*TASK INSTRUCTIONS*.
Across the data below, how many lines hold "enough"? Answer with that number and nothing else.

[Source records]
++++++

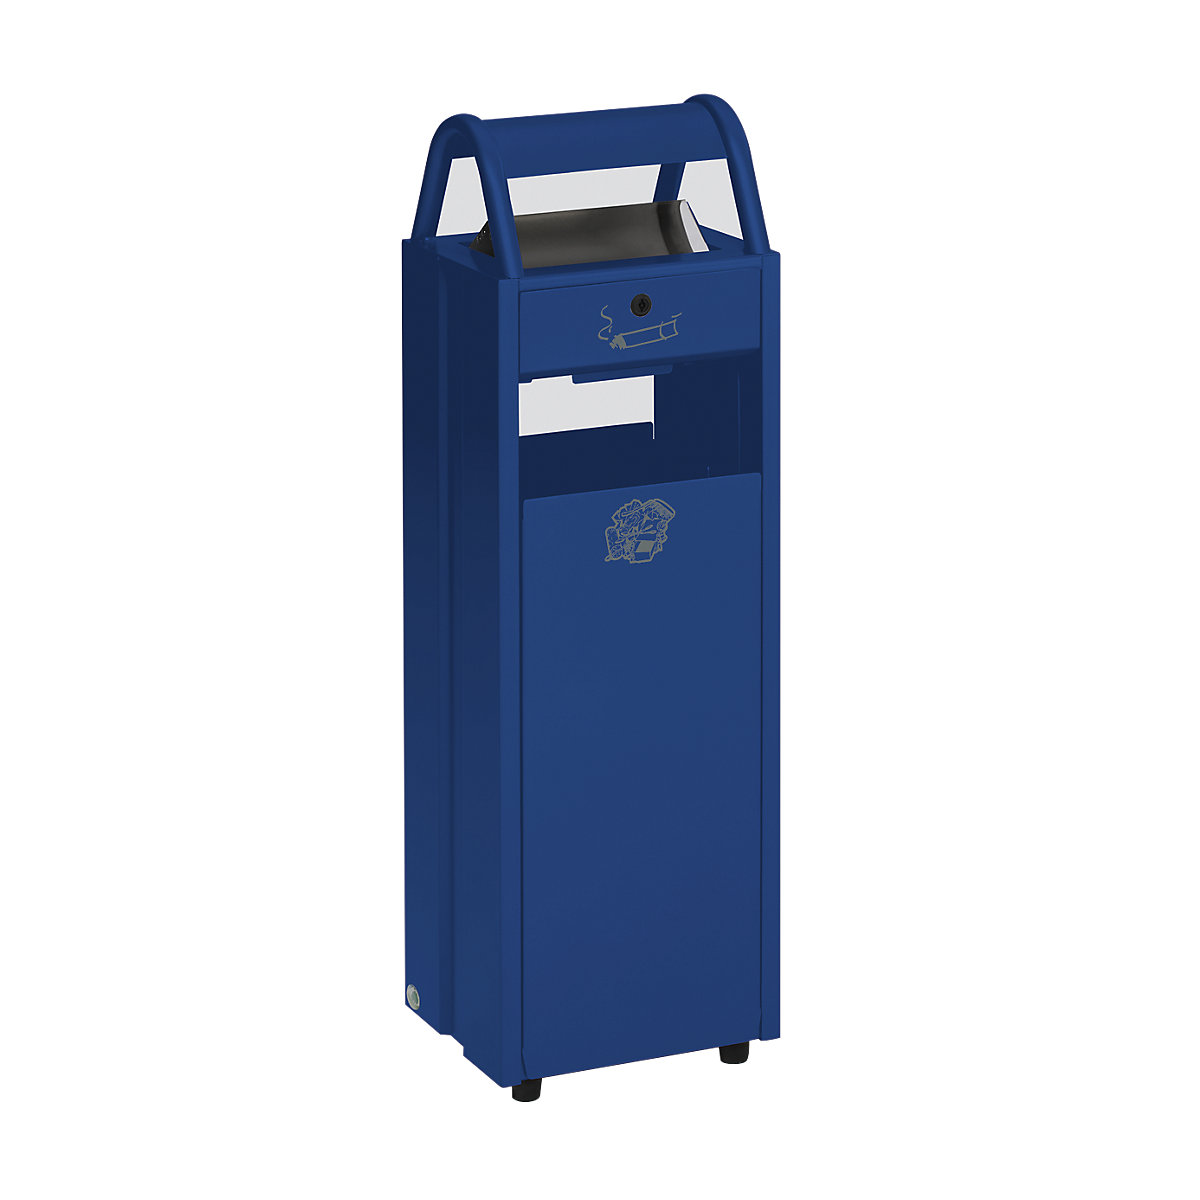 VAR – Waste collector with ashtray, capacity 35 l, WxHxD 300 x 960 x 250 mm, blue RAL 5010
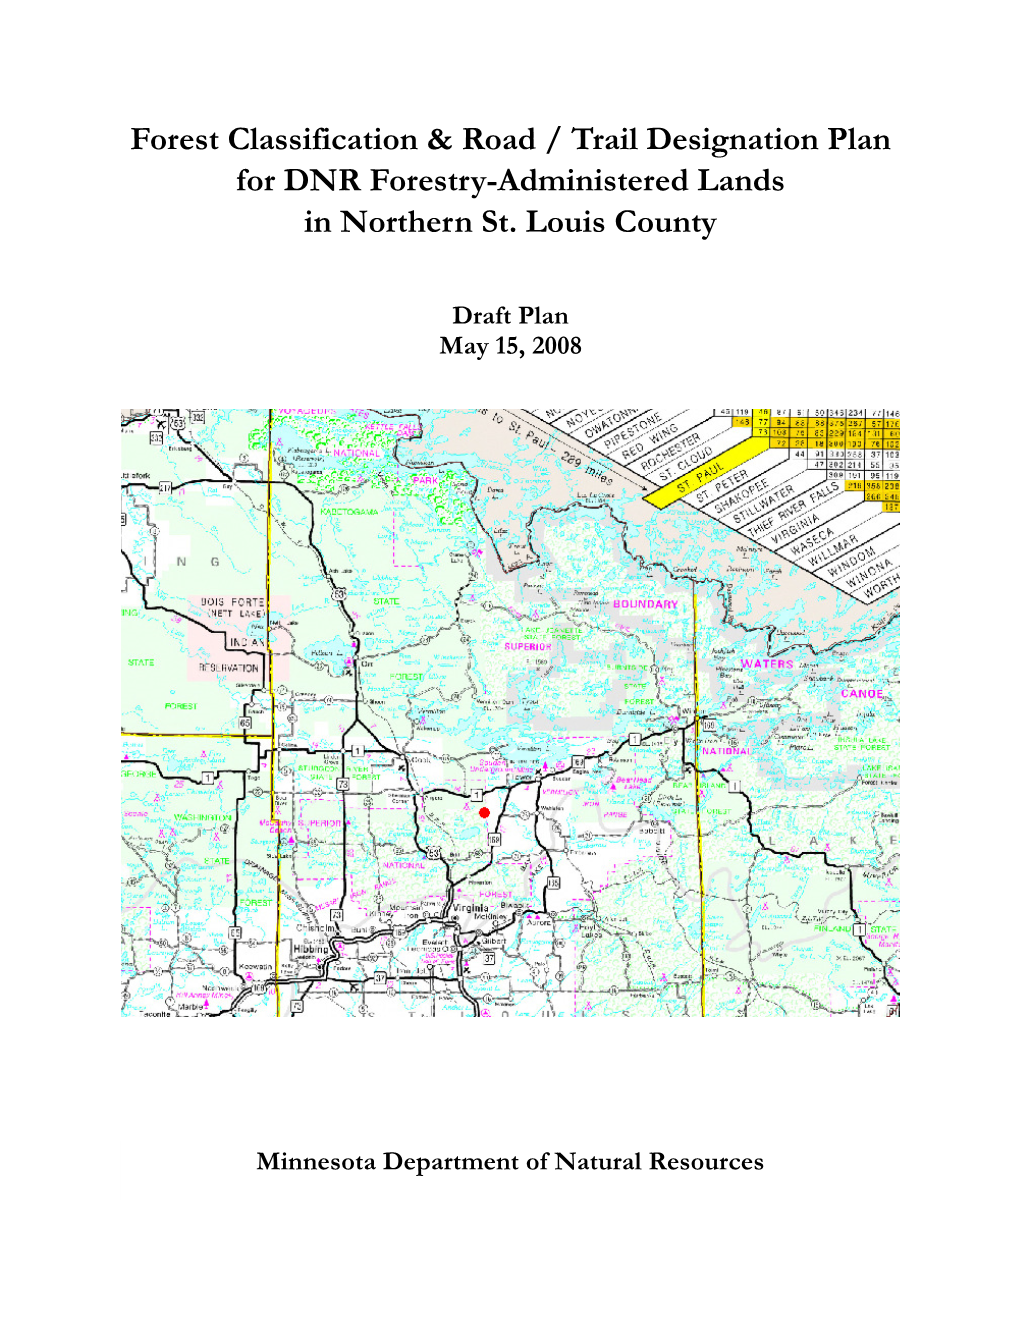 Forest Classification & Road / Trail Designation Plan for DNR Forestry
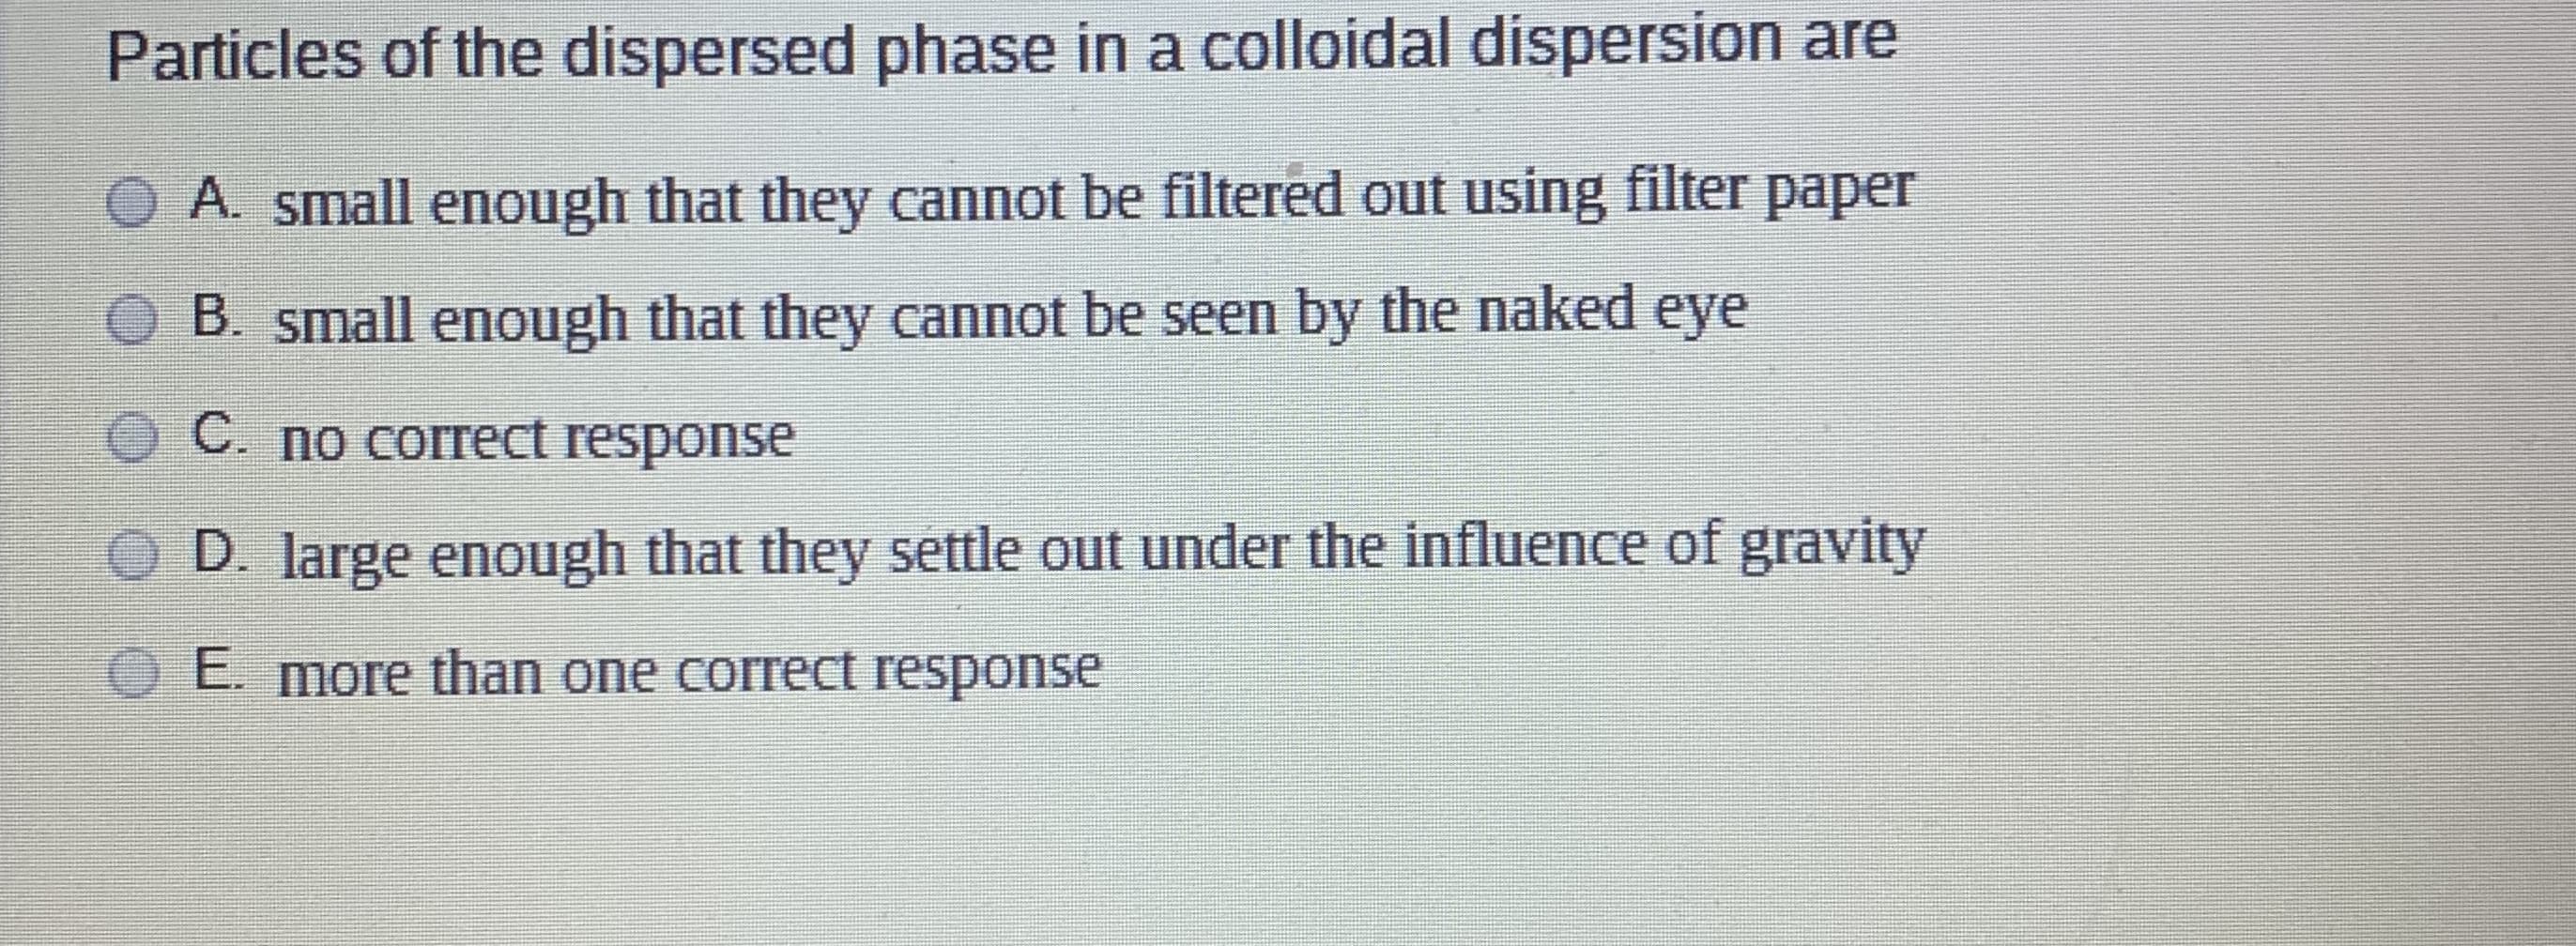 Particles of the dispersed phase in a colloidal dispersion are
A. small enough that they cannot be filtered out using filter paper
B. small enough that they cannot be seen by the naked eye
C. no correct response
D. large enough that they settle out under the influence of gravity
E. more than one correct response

++++++

*WRITTEN RESPONSE*.
3